#### WHAT NEEDS TO BE DONE
What is needed is a word-for-word copy of every record below, minus the pictures.

#### Stored data

____

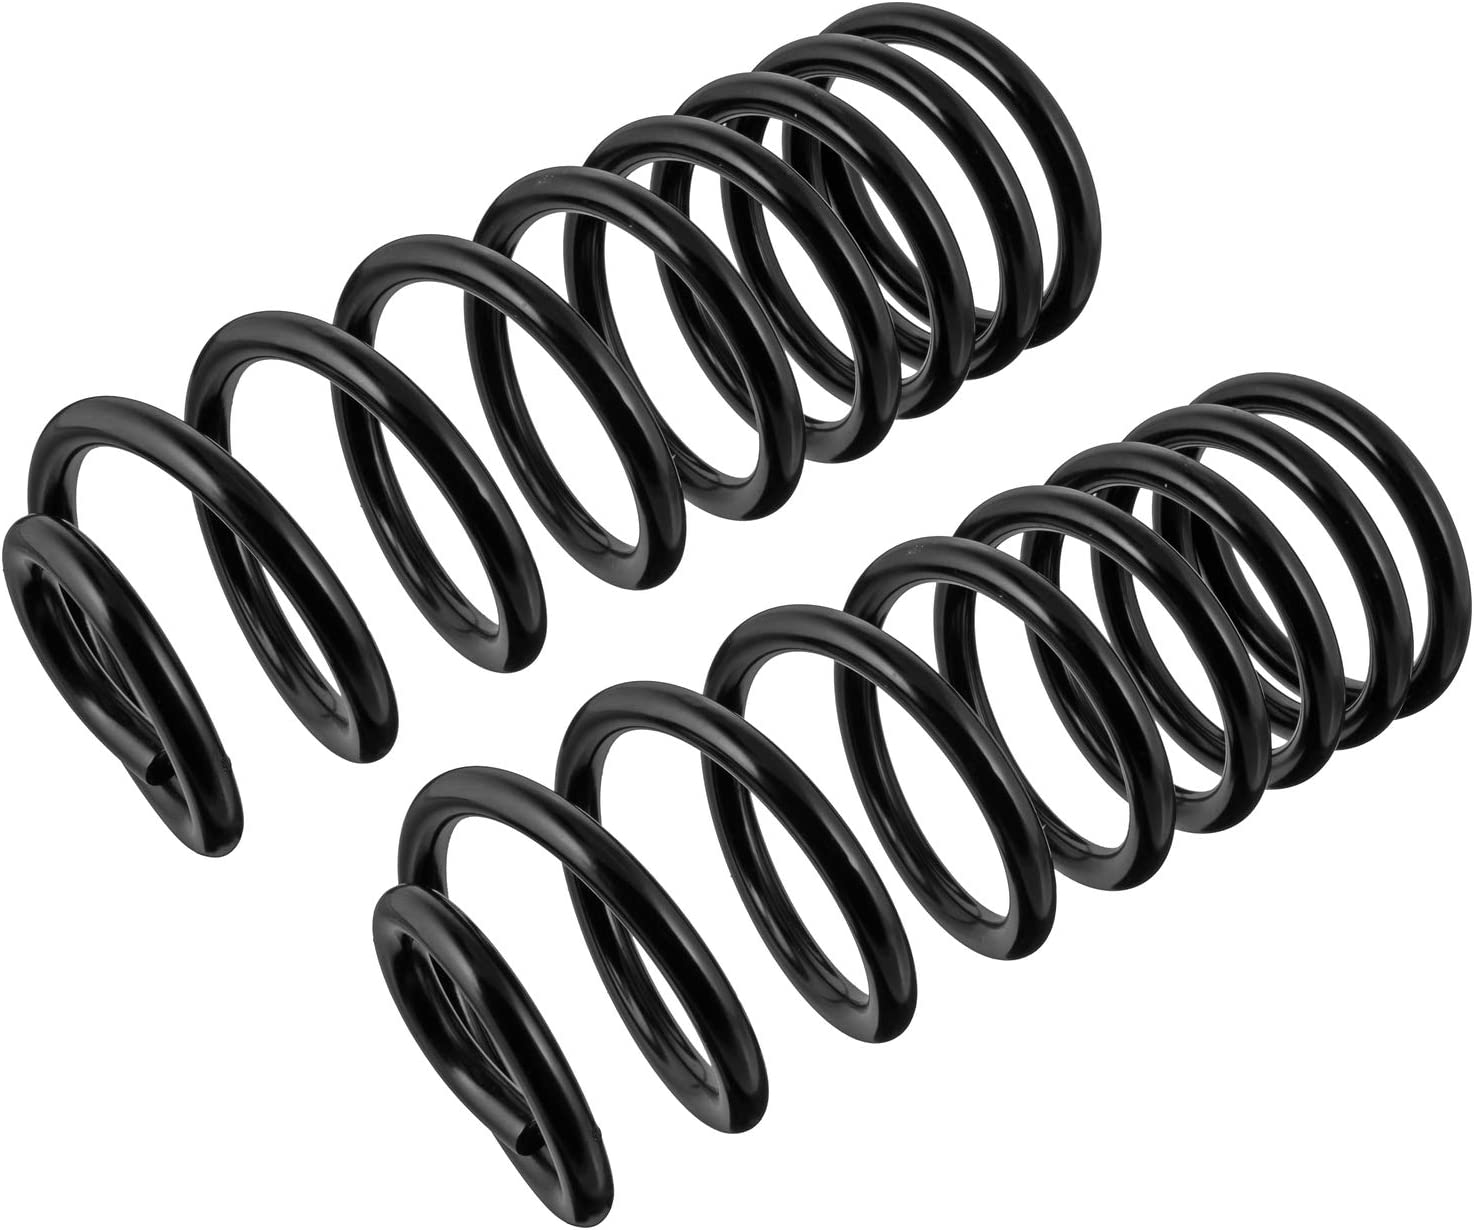 2 Pack TRW Automotive JCS1688T Coil Spring Set
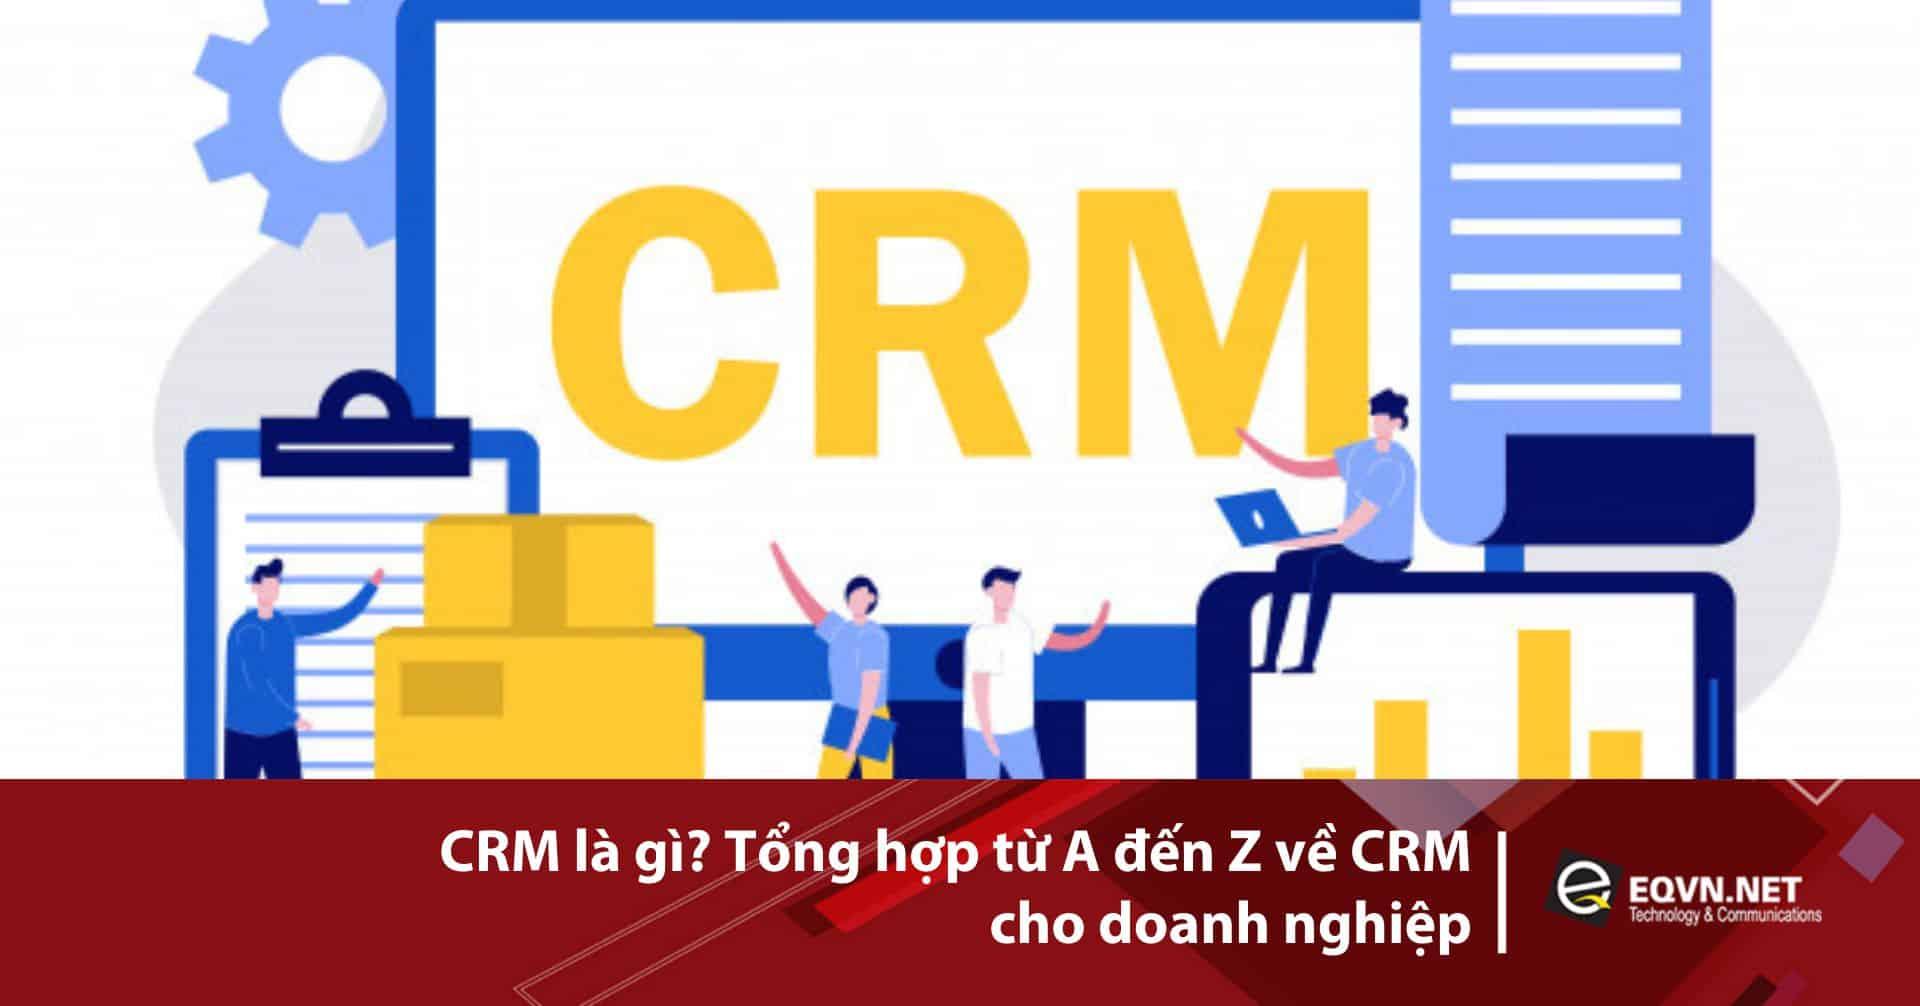 CRM là gì, crm la gi, CRM, phần mềm quản lý, mô hình crm
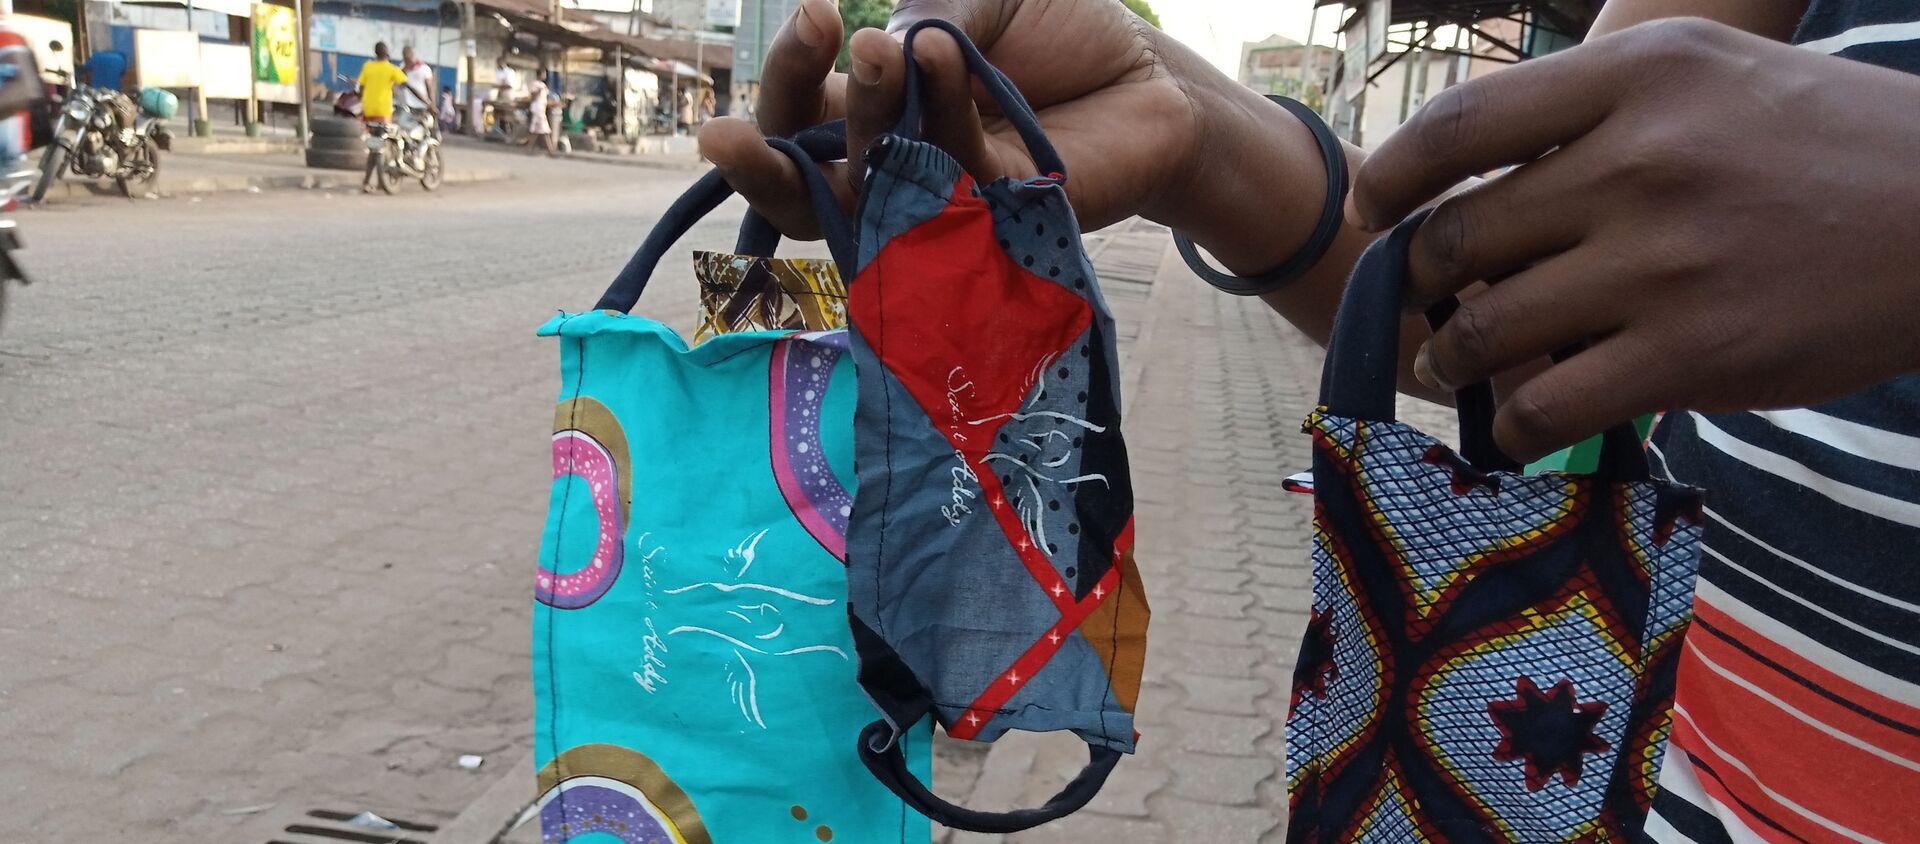 Les masques de protection du styliste Saint-Addy, au Togo. - Sputnik France, 1920, 05.02.2021
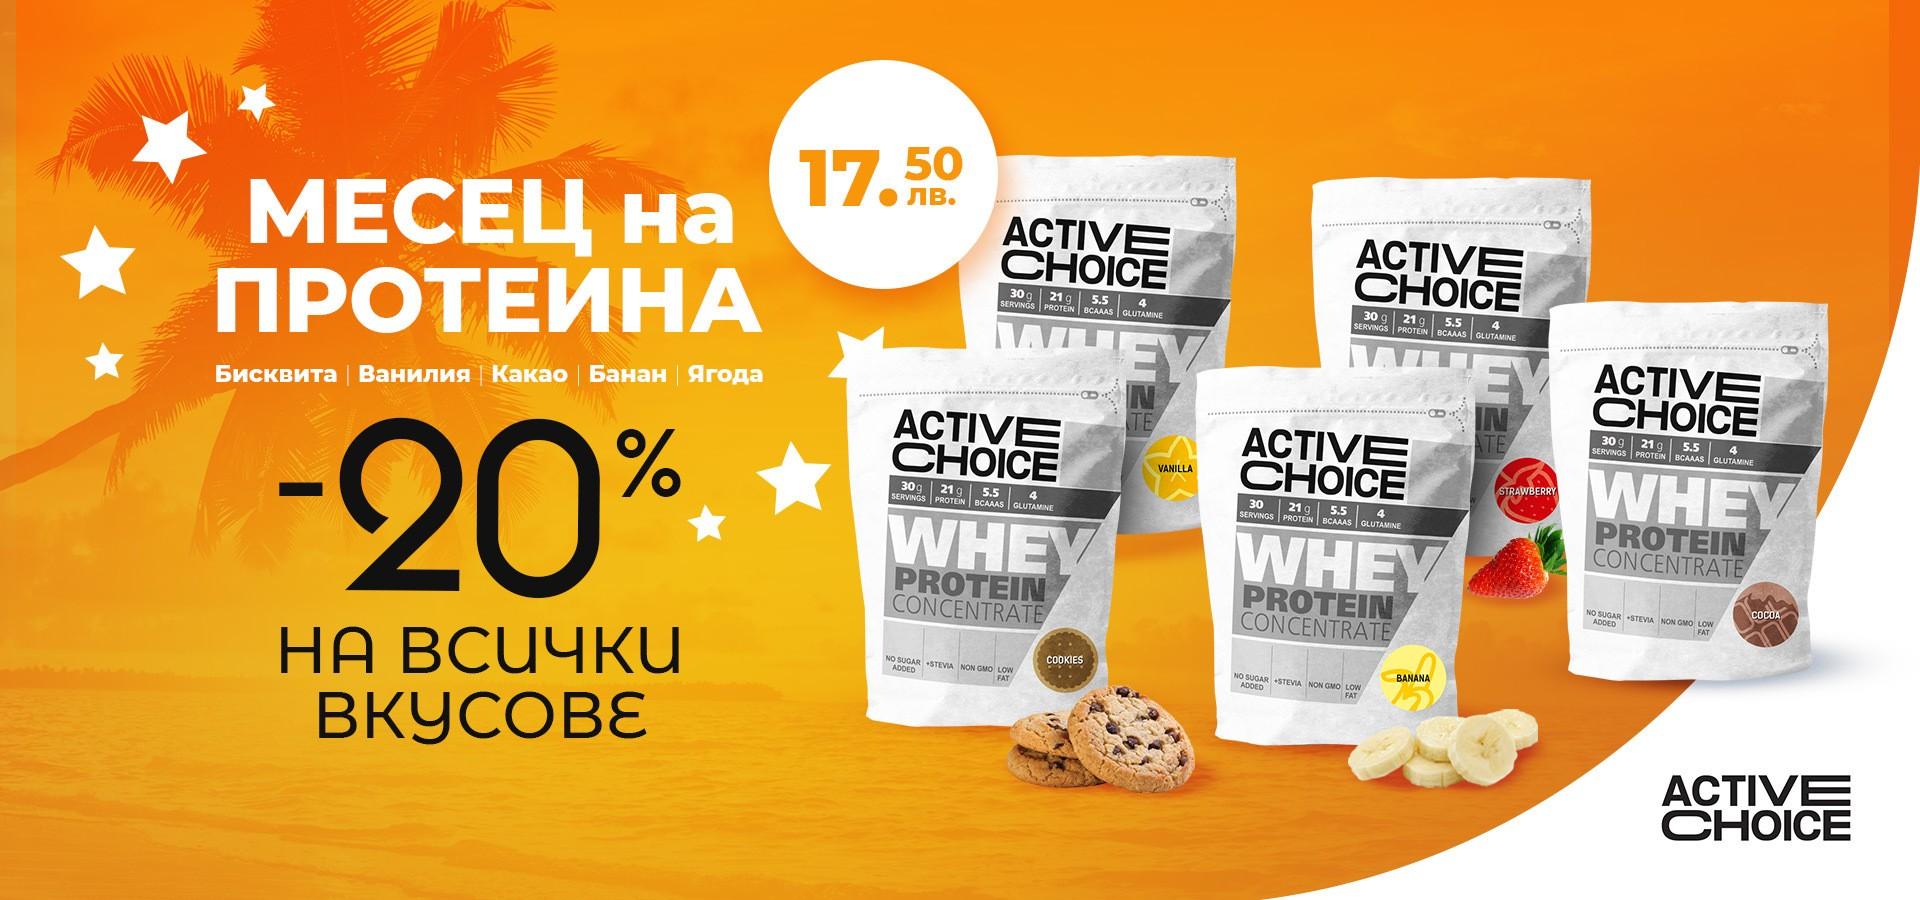 -20% на протеин Active Choice през август 2021 г.
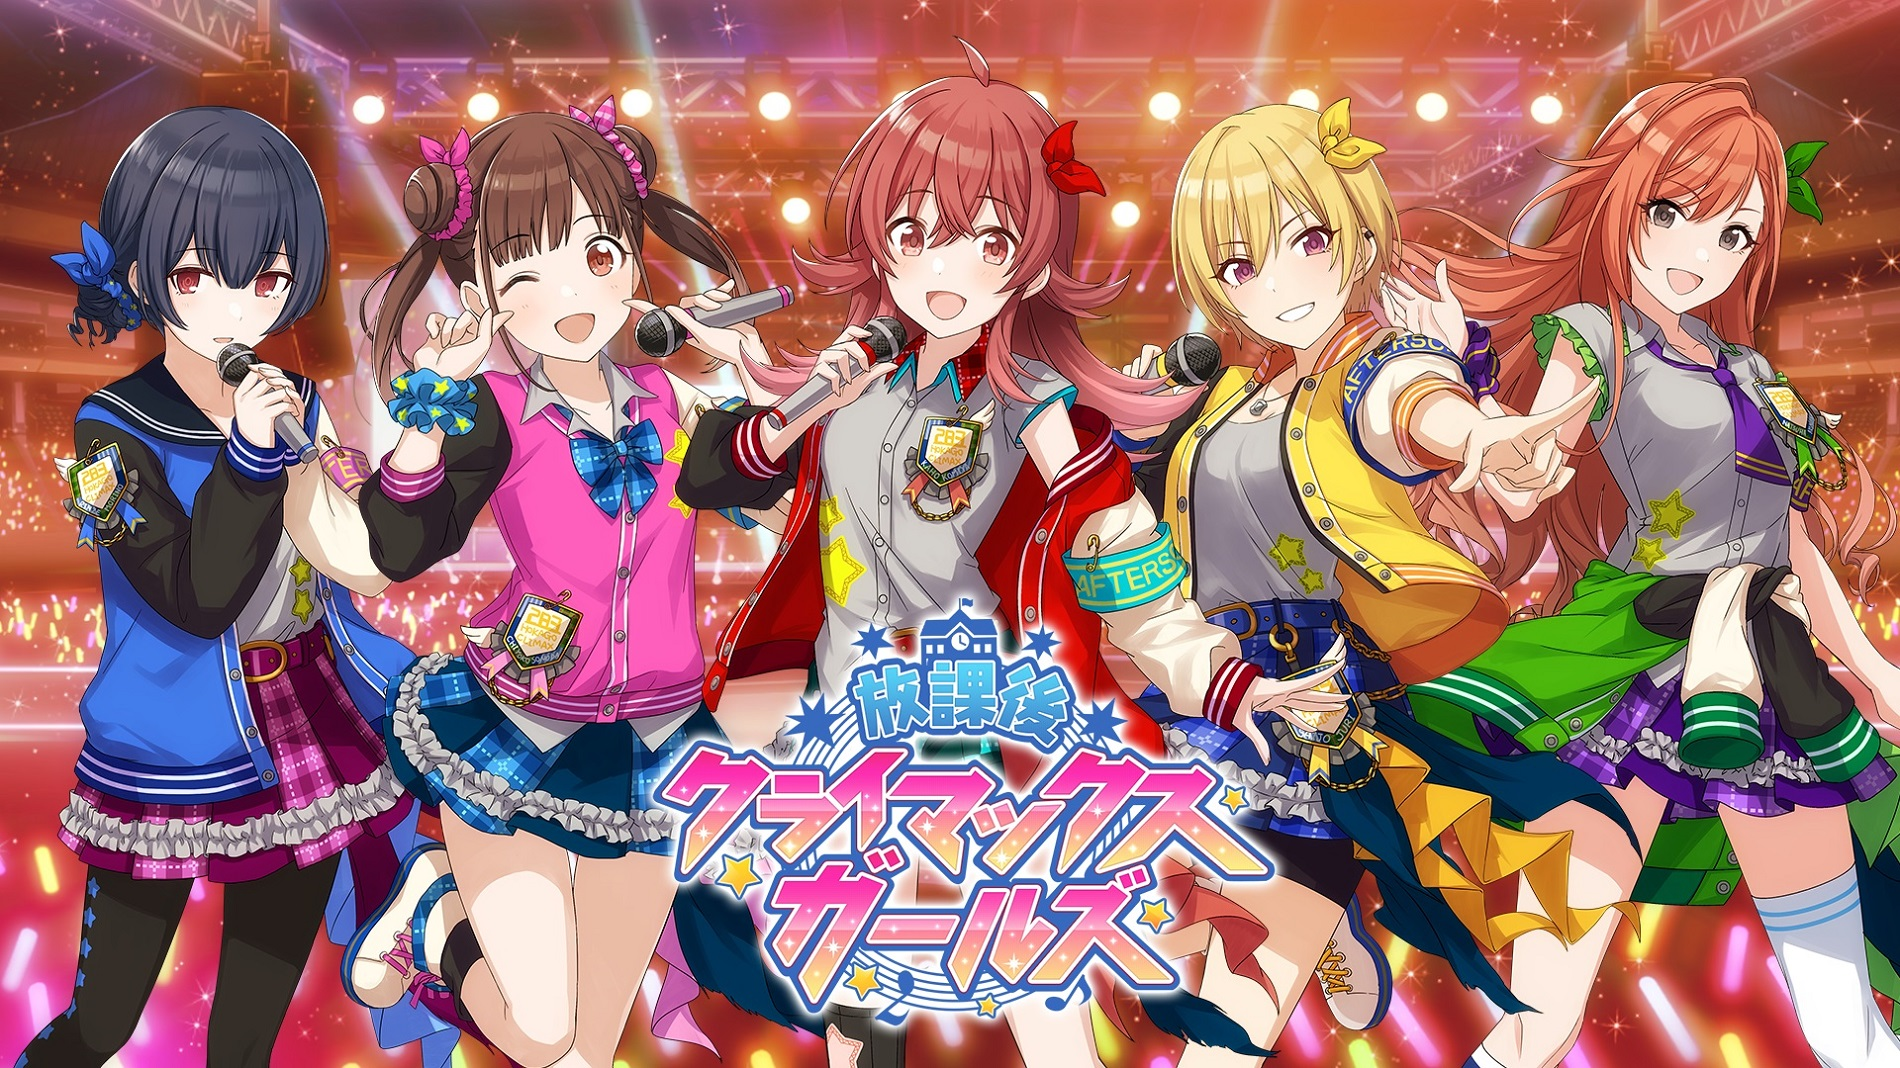 『アイドルマスター シャイニーカラーズ』で「放課後クライマックスガールズ」のPVが公開!

____

#### SOLUTION BELOW
 2 Pack TRW Automotive JCS1688T Coil Spring Set
 CRM là gì, crm la gi, CRM, phần mềm quản lý, mô hình crm
 Les masques de protection du styliste Saint-Addy, au Togo. - Sputnik France, 1920, 05.02.2021
 -20% на протеин Active Choice през август 2021 г.
 『アイドルマスター シャイニーカラーズ』で「放課後クライマックスガールズ」のPVが公開!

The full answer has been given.